April 15, 2010
Aesthetics, Environment, Health, Noise, Regulations, Siting, U.S., Wildlife

Wind Turbine Guidelines Advisory Committee Recommendations

U.S. Fish and Wildlife Service

The Wind Turbine Guidelines Advisory Committee (Committee) was established in 2007 under the Federal Advisory Committee Act to provide advice and recommendations to the Secretary of the Interior (Secretary) on developing effective measures to avoid or minimize impacts to wildlife and their habitats related to land-based wind energy projects. The USFWS chairs the Committee, which includes 22 members representing governments, wildlife conservation organizations, and the wind industry.

This Committee’s recommendations to the Secretary (Guidelines) contain the Committee’s advice regarding policy issues, as well as science-based technical advice on how best to assess and prevent adverse impacts to wildlife and their habitats while allowing for the development of the Nation’s wind energy resources. …

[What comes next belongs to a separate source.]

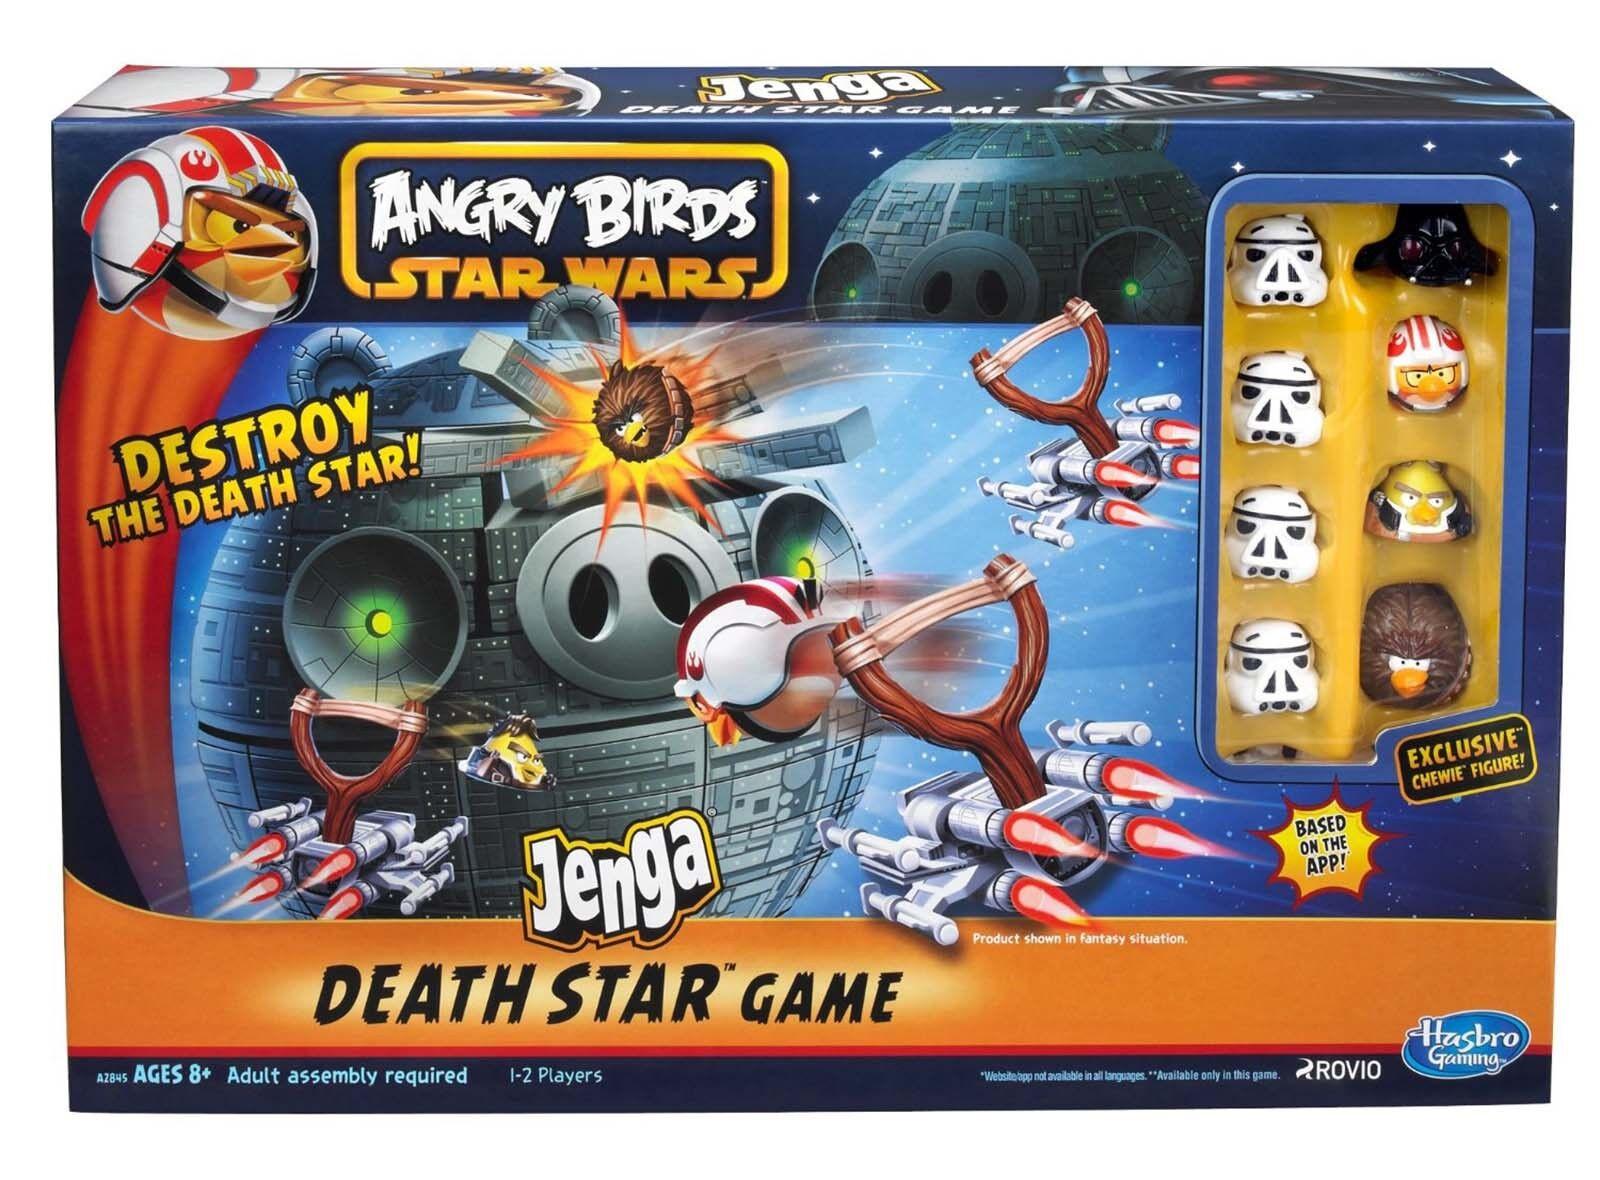 Angry birds star wars todesstern zerstören nein spiel spielzeug schweine kinder geschenk heiß
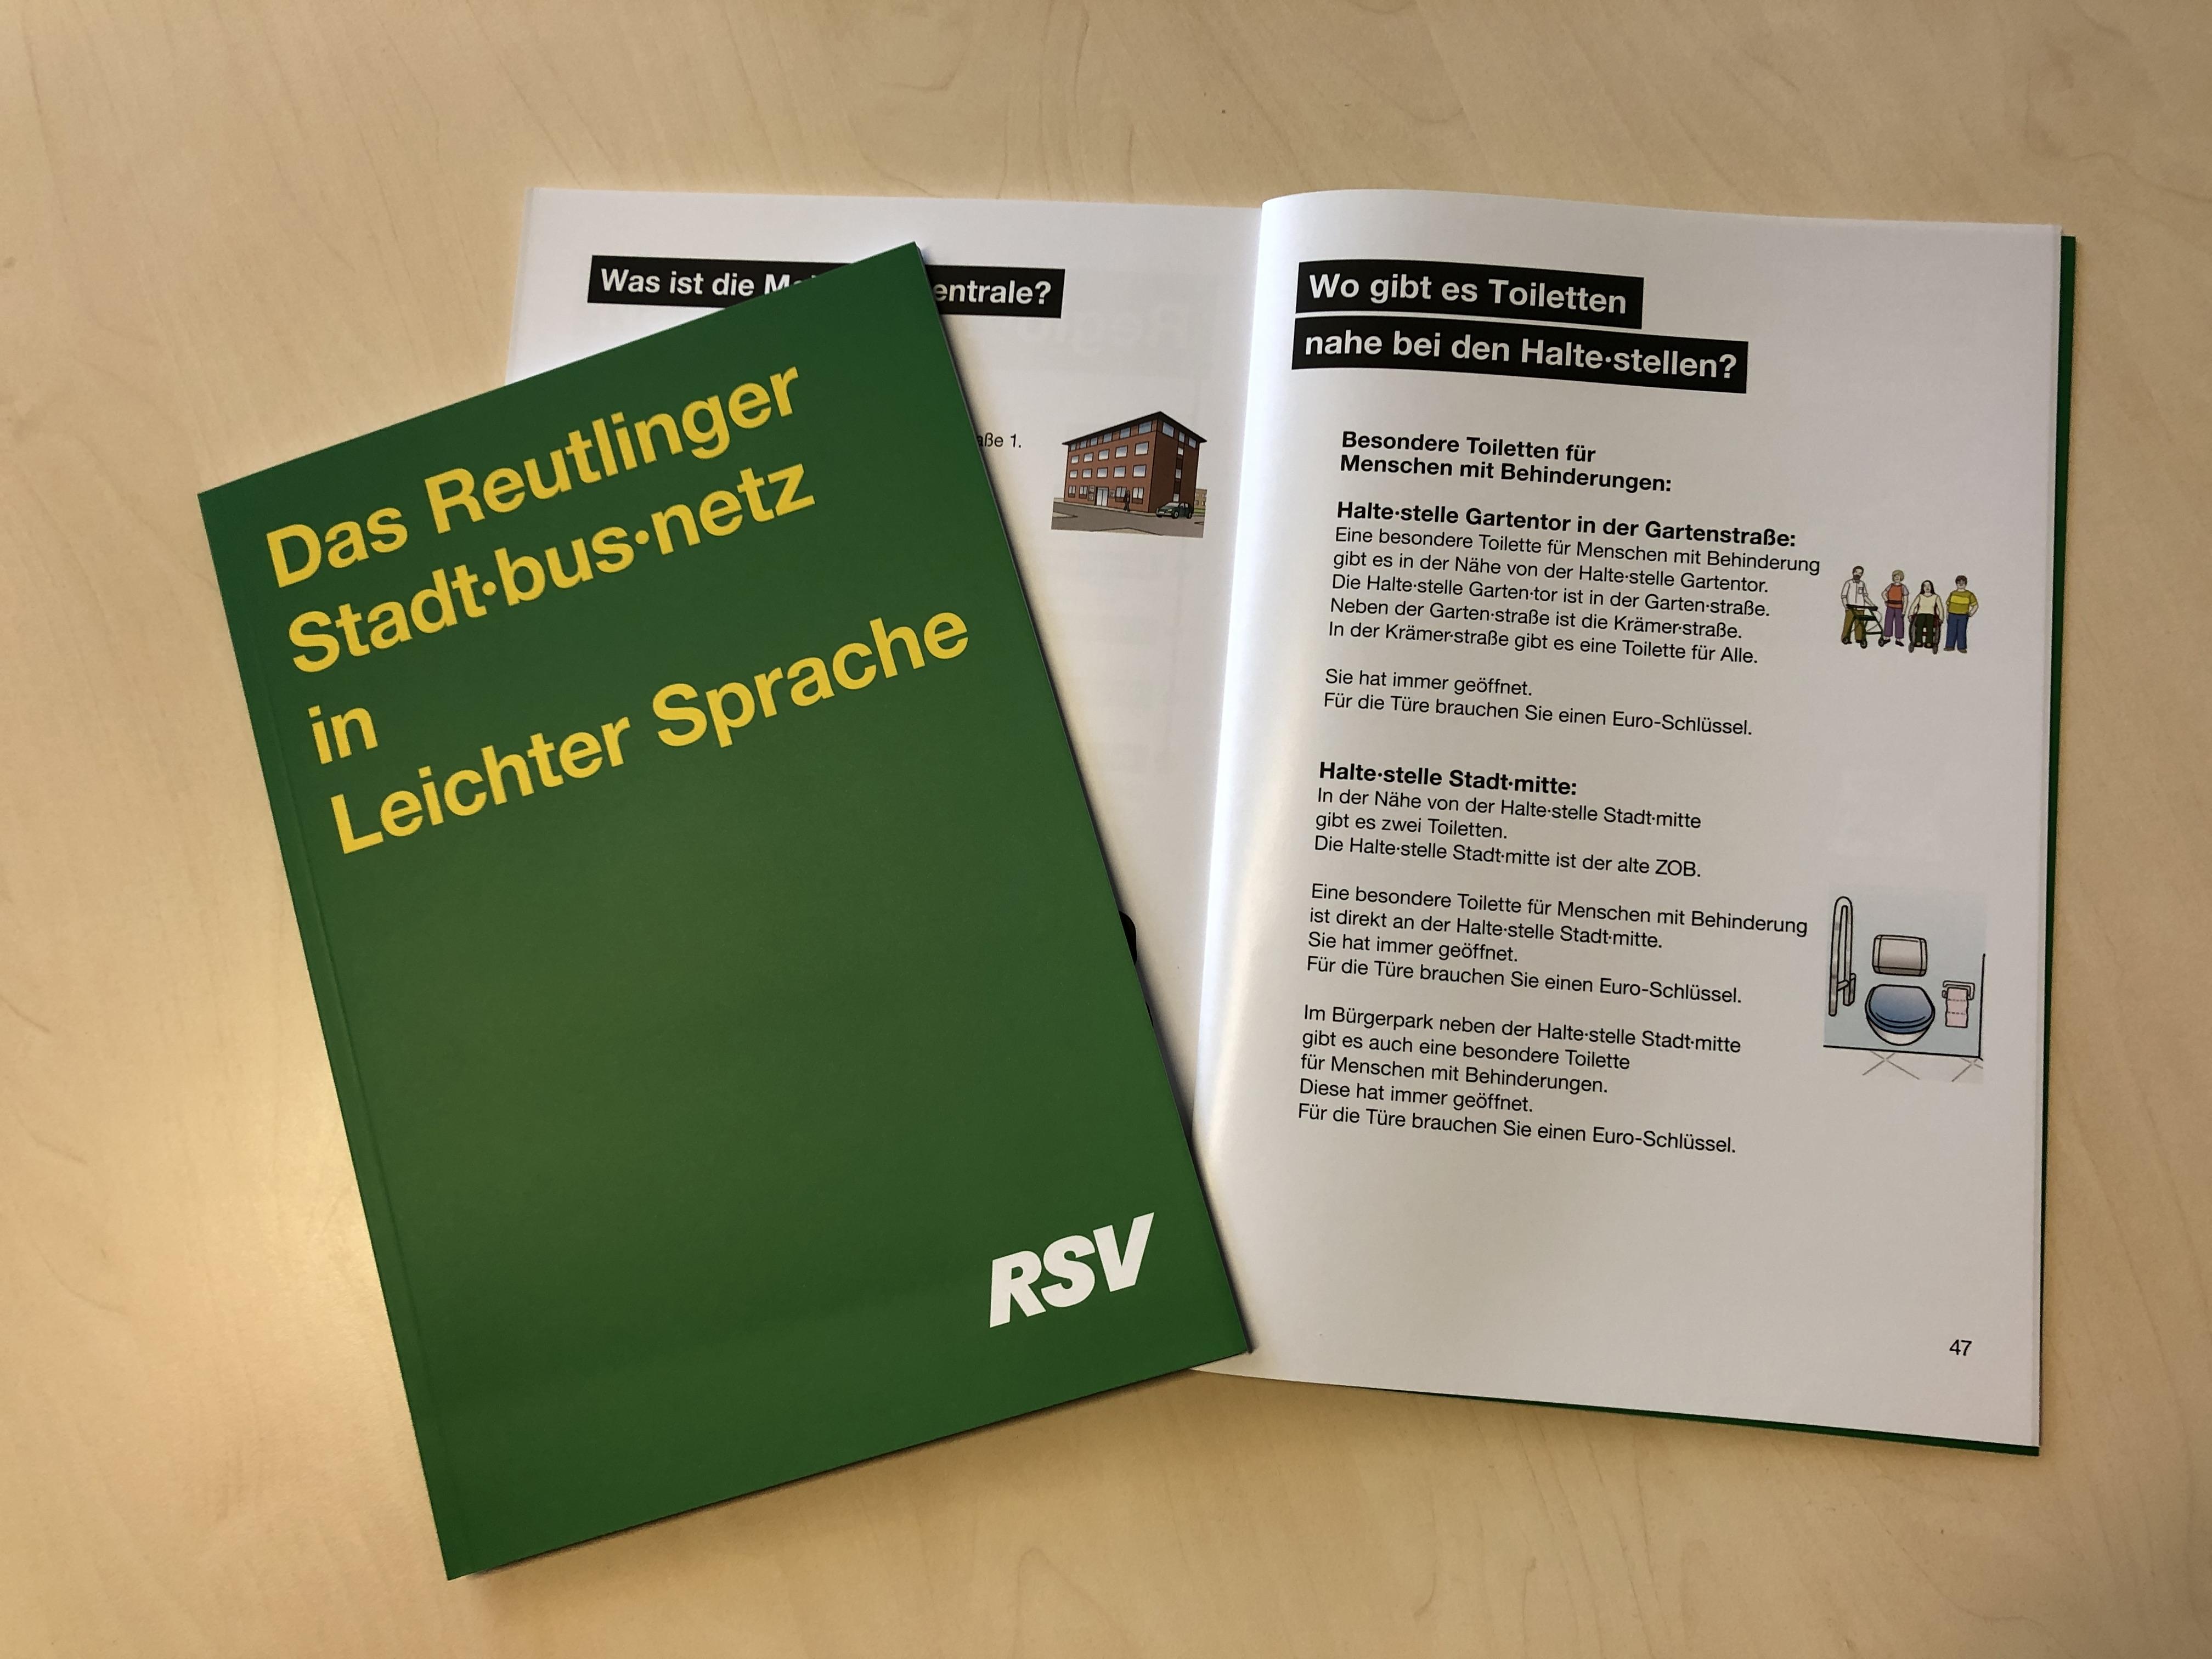 Das Reutlinger Stadtbusnetz in Leichter Sprache - Foto der Broschüre

The Committee’s Guidelines are founded upon a “tiered approach” for assessing potential impacts to wildlife and their habitats. The tiered approach is an iterative decision-making process for collecting information in increasing detail, quantifying the possible risks of proposed wind energy projects to wildlife and habitats, and evaluating those risks to make siting, construction, and operation decisions. Subsequent tiers refine and build upon issues raised and efforts undertaken in previous tiers. At each tier, a set of questions is provided to help the developer identify potential problems associated with each phase of a project, and to guide its decision process. The tiered approach is designed to assess the risks of project development by formulating questions that relate to site-specific conditions regarding potential species and habitat impacts. The tiers are outlined briefly as:

The Guidelines provide best-available methods and metrics to help answer the questions posed at each tier. The Committee recognizes that substantial variability exists among project sites and recommends methods and metrics that should be applied with the flexibility to address the varied issues that may occur on a site-by-site basis, while maintaining consistency in the overall tiered process. As research expands and provides new information, these methods and metrics will be updated to reflect current science.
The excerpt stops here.